Under current law, additional costs imposed by
the measure on the Energy Commission will be funded by fees paid by
electricity customers. However, because these fees are set in statute, a
statutory change to the current electricity surcharge may be required to
accommodate the increased costs to the extent that reserves are not
adequate to cover them.
In addition, the measure’s other requirements
will increase administrative costs of PUC by up to $1 million. These
additional costs will result from greater workload related to the
increased RPS targets, such as procurement plan review, validation of
renewable resource potential to meet electricity demands, and other
related analysis, and the addition of ESPs and CCAs to the universe of
entities subject to specified RPS regulatory requirements and
rate-setting administered by PUC. Under current law, these additional
costs will be funded by fees paid by electricity customers.
Unknown Administrative Savings to Local
Governments. By shifting permitting responsibility for certain
renewable energy facilities from local government to the Energy
Commission, the measure will result in administrative savings of an
unknown, but not likely significant, amount to local governments.

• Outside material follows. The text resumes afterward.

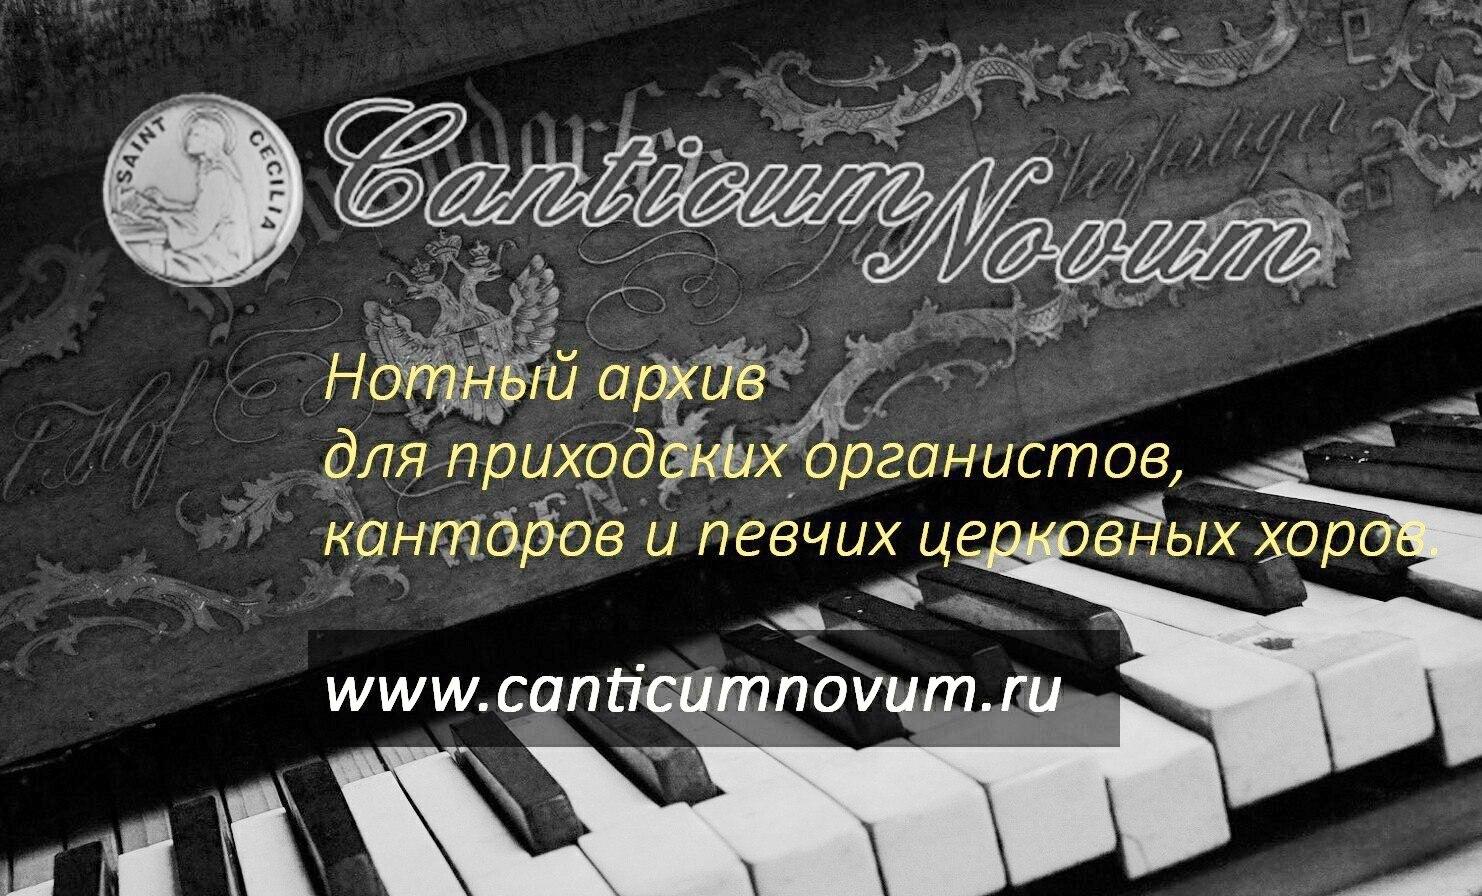 ЗАХОДИТЕ НА САЙТ CANTICUM NOVUM!

Unknown Impact on State and Local
Government Costs and Revenues. The primary fiscal effect of this
measure on state and local governments would result from any effect it
would have on electricity rates.
Changes in electricity rates would affect
government costs since state and local governments are large
consumers of electricity. The measure could result in higher electricity
rates and in turn higher costs to government, particularly in the short
term, to the extent that there is increased procurement of more
expensive renewable energy (relative to conventional energy) that would
not occur but for the measure’s mandates. However, the potential for
higher electricity rates to the customer, including state and local
governments, would be limited by the measure’s retention of the cost
limitation on mandated purchases of renewable energy at prices above the
market price for electricity as provided by current law. In addition,
any increase in costs due to increased electricity rates, particularly
in the short run, could be offset to an unknown degree by longer-term
cost savings, to the extent that the measure advances development of
renewable energy resources so as to lower their cost from what they
otherwise would be.
State and local revenues also would be
affected by the measure’s impact on electricity rates since tax revenues
received by governments are affected by business profits, personal
income, and taxable sales—all of which in turn are affected by what
individuals and businesses pay for electricity. However, as is the case
with state and local government costs, the measure’s potential to lower
state and local government revenues due to higher electricity rates
would be limited by the measure’s retention of the cost limitation as
provided by current law and by any longer-term cost savings resulting
from advances in the development of renewable energy resources.
Summary
In summary, the initiative would have the
following fiscal effects:
-
State administrative costs of up to
$3.4 million annually for the regulatory activities of the Energy
Resources Conservation and Development Commission and the California
Public Utilities Commission, paid for by fee revenues.
-
Potential, unknown increased costs and reduced
revenues, particularly in the short term, to state and local
governments resulting from the measure’s potential to increase
retail electricity rates, with possible offsetting cost savings and
revenue increases, to an unknown degree, over the long term to the
extent the measure hastens renewable energy development.